The luxury home purchase process is different from buying a conventional or tract home. There are more money-passing hands, so naturally, the risk escalates.
The process is slower as well, so if you plan on purchasing a luxury home, and you won’t be paying cash, you’ll most likely need to obtain a jumbo loan.
What is considered a luxury home?
You might be surprised to know that it isn’t merely the price that defines the luxury home.
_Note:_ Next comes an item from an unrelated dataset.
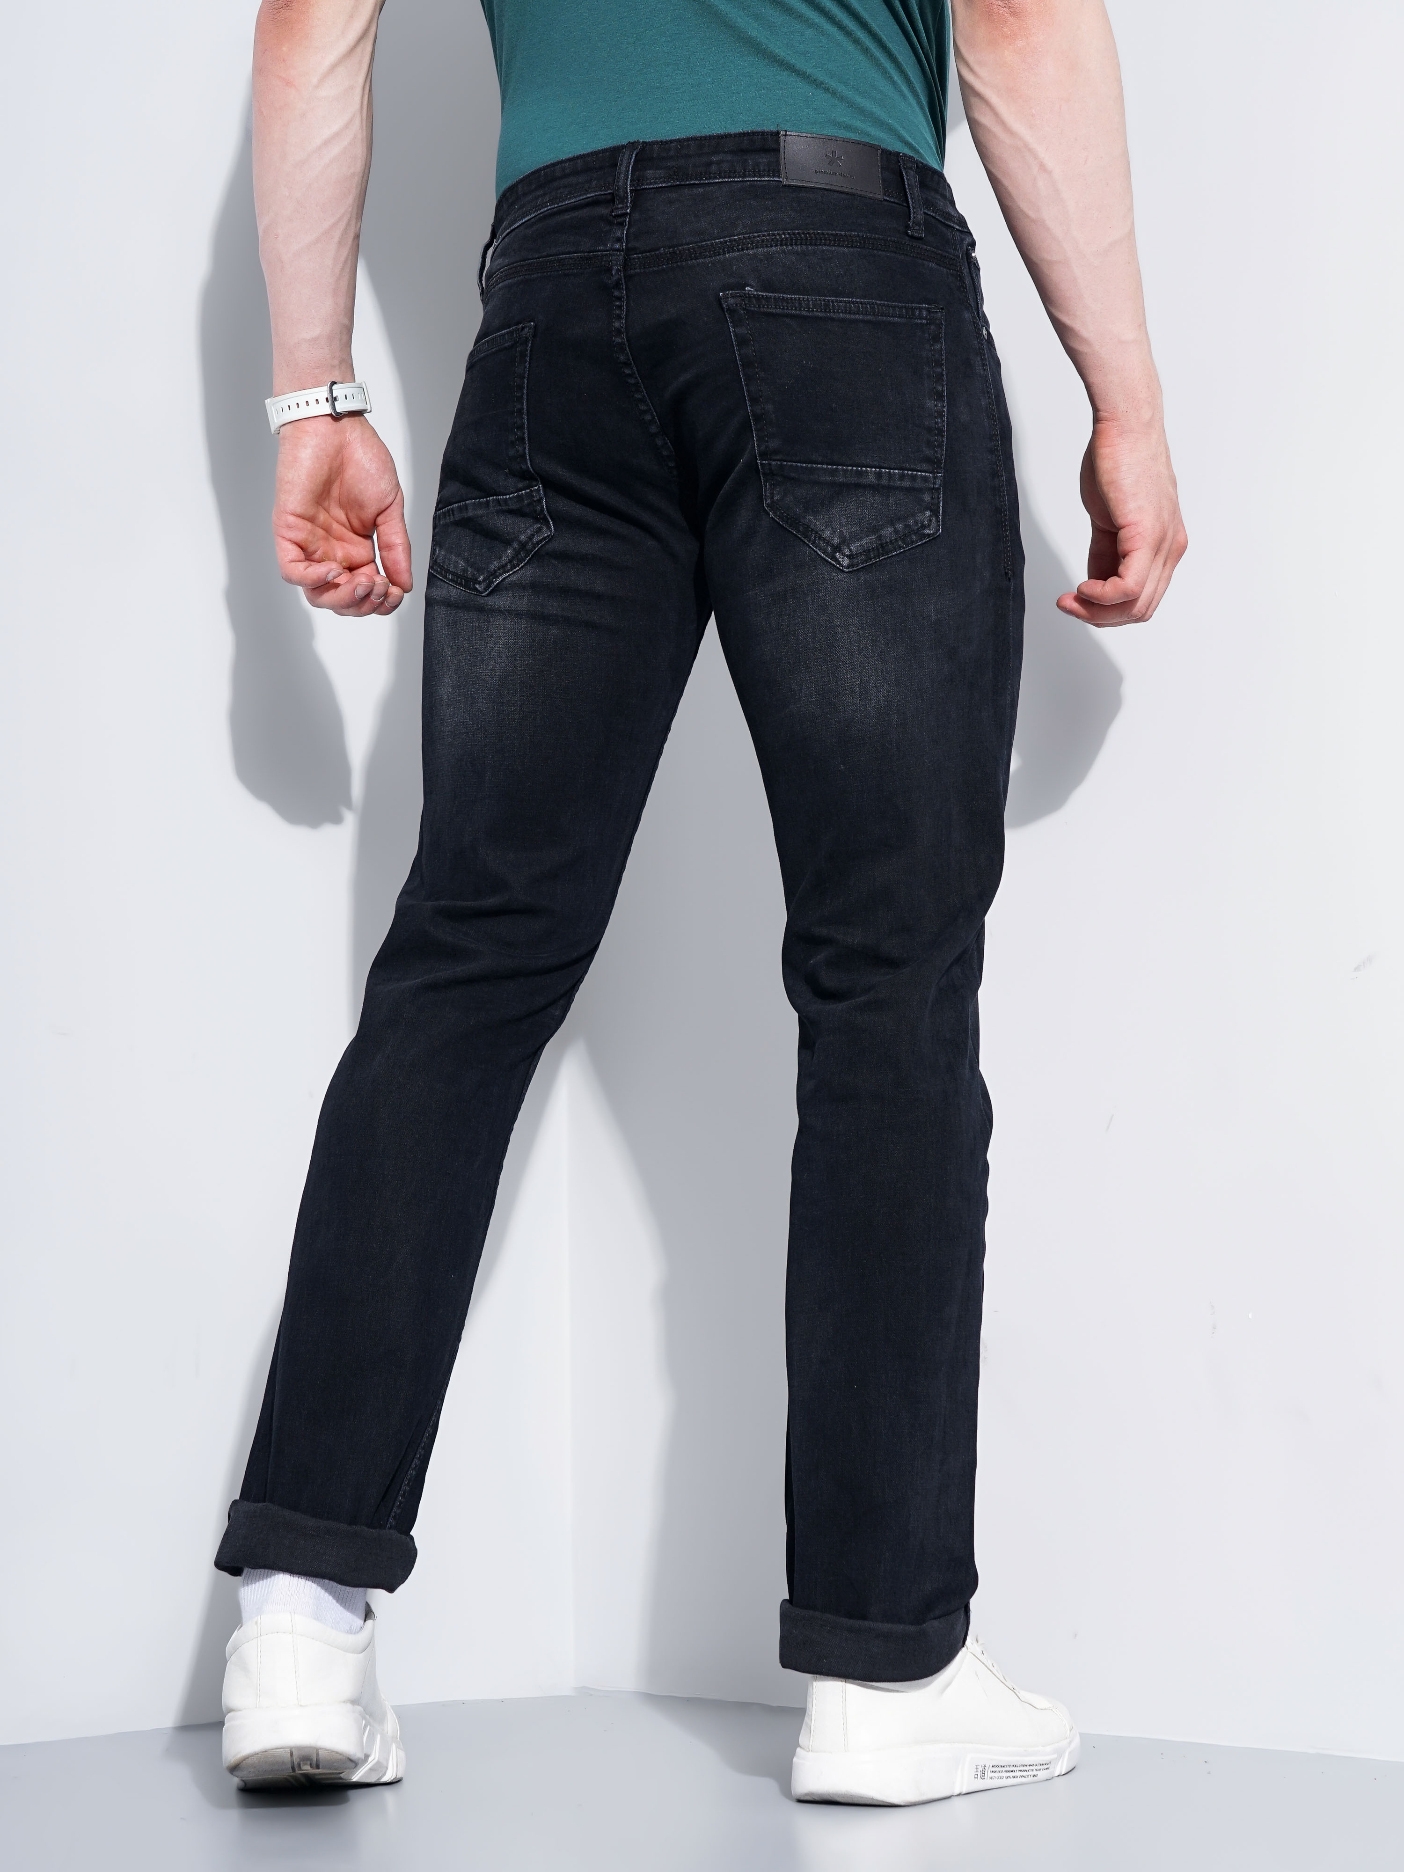 Sugar Cane Type III Black Denim Jeans - Slim
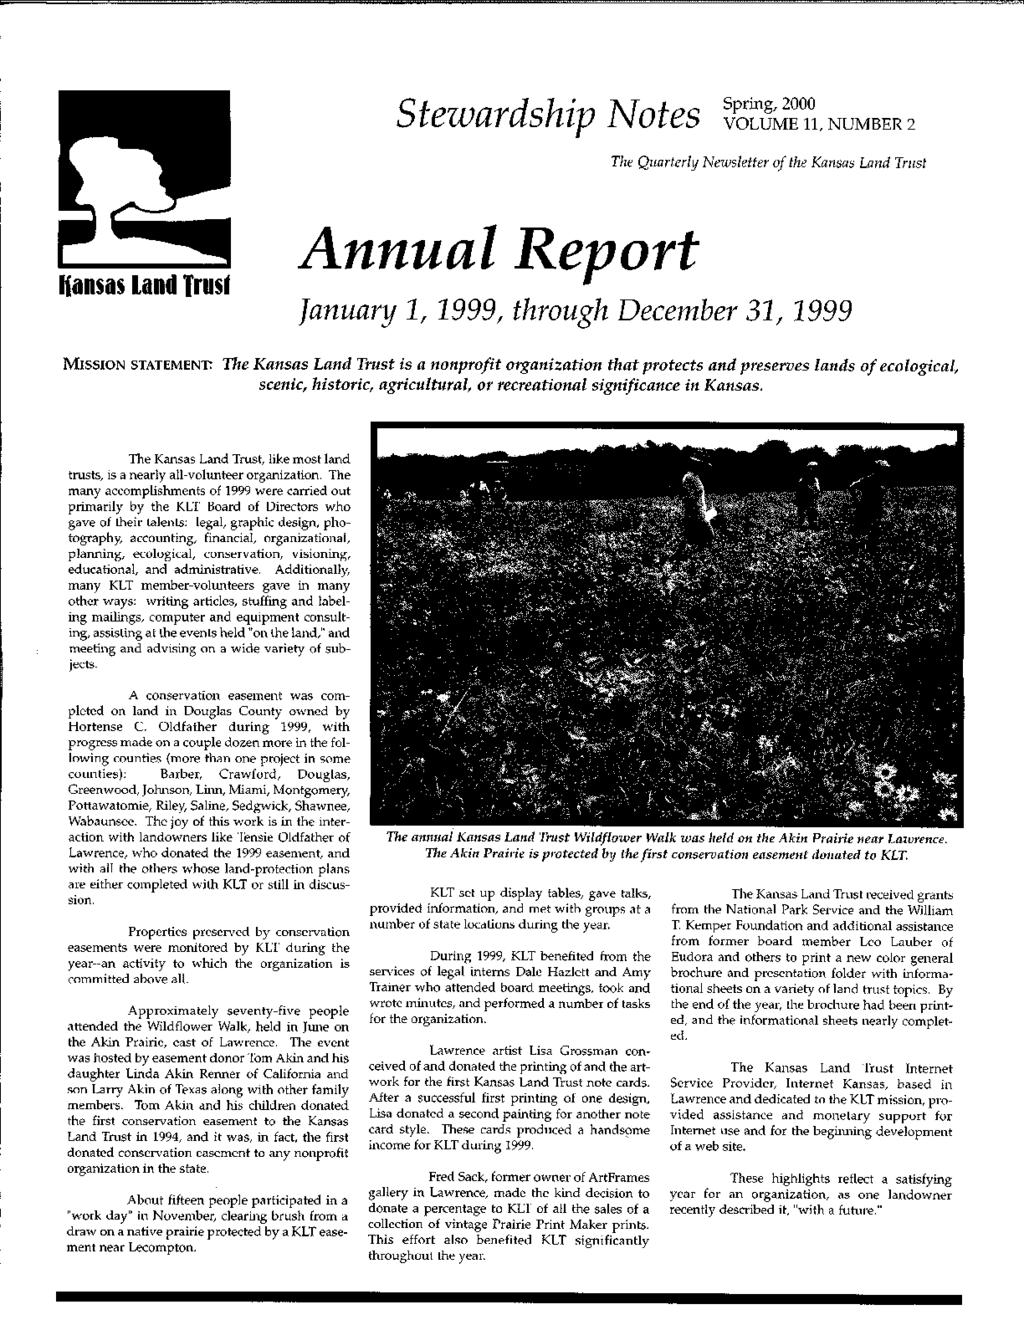 Stezvardship }Votes Spring, 2000 VOLUME 11, NUMBER 2 The Quarterly Newsletter of the Kansas Land Trust Hansas land Trus' Annual Report January 1, 1999, through December 31, 1999 MISSION STATEMENT:

While the concept can best be defined by perception, here are some additional characteristics of luxury homes:
- Desirable location
- Distinctive architecture
- Amenities
Since everything concerning real estate depends on location, a basic defining point of a luxury property is “a home that goes above and beyond what’s typical for the market,” according to Devon Thornsby, a real estate editor at U.S. News.
What typically doesn’t differ in the luxury home market is the financing of the home
If you’ll be pursuing a jumbo loan to purchase your luxury home, you’ll need to start the loan process well in advance of shopping for homes.
What’s a jumbo loan?
A jumbo loan, also known as a non-conforming loan, is what you’ll need to purchase a property that is priced higher than Fannie Mae’s and Freddie Mac’s conforming loan limits. For 10 years, the conforming loan limit has stood at $417,000 for a single-family home.
That changed last year when markets heated up and prices began to soar. The limit is now $424,100 for most regions across the country (it is higher in certain high-cost counties, such as some in California).
Find your county’s loan limit at Bankrate.com. Click on your state and you’ll be taken to a list of counties and their corresponding conforming loan limit.
Qualifying for a jumbo loan
Jumbo loan requirements are more stringent than those of conventional loans and they vary by lender.
You will usually need a higher credit score (typically 700 or higher). Generally, a 10 percent down payment is required, although borrowers with high credit scores can find mortgages with a 5 percent down payment requirement.
The good news is that, in their pursuit of wealthy clients, some lenders are willing to waive the private mortgage insurance (PMI) requirement on these low-down payment loans.
Like all loans, however, you’ll need to prove that you can make the monthly payment
This means proving:
- A stable employment history – at least two years with your current employer or two years of tax returns to prove self-employment.
- An explanation of what you do for a living if its “value” isn’t as obvious as, for example, a physician or CEO.
- Proof of your income – Lenders want to see not only pay stubs, but bank statements as well (even the blank pages, believe it or not).
- Proof of your down payment funds.
In a nutshell, you will need to be able to document your assets, show a high credit score (the average score for the jumbo loan in the first quarter of 2017 was 771), and show proof of responsible credit history.
Jumbo loan expenses
As of the first quarter of 2017, jumbo loans were actually cheaper (by 21 basis points) in the long run than conforming loans, according to a report released by Core Logic.
In August of this year, for instance, interest rates on these loans tumbled to where they were “13 basis points lower than the conforming rate, the largest spread between the two since March 2016,” according to CNBC’s Diana Olick.
Be prepared for closing, however
Because there are additional steps in the qualifying process, jumbo loans tend to carry higher closing costs. An example of an extra step is a lender who may require two appraisals of the property.
It may even out in the end, however, with the aforementioned sweetening of the pot to attract wealthy clients.
Not only are some lenders waiving the PMI requirement for low-down payment jumbos, but also accepting borrowers with low credit scores.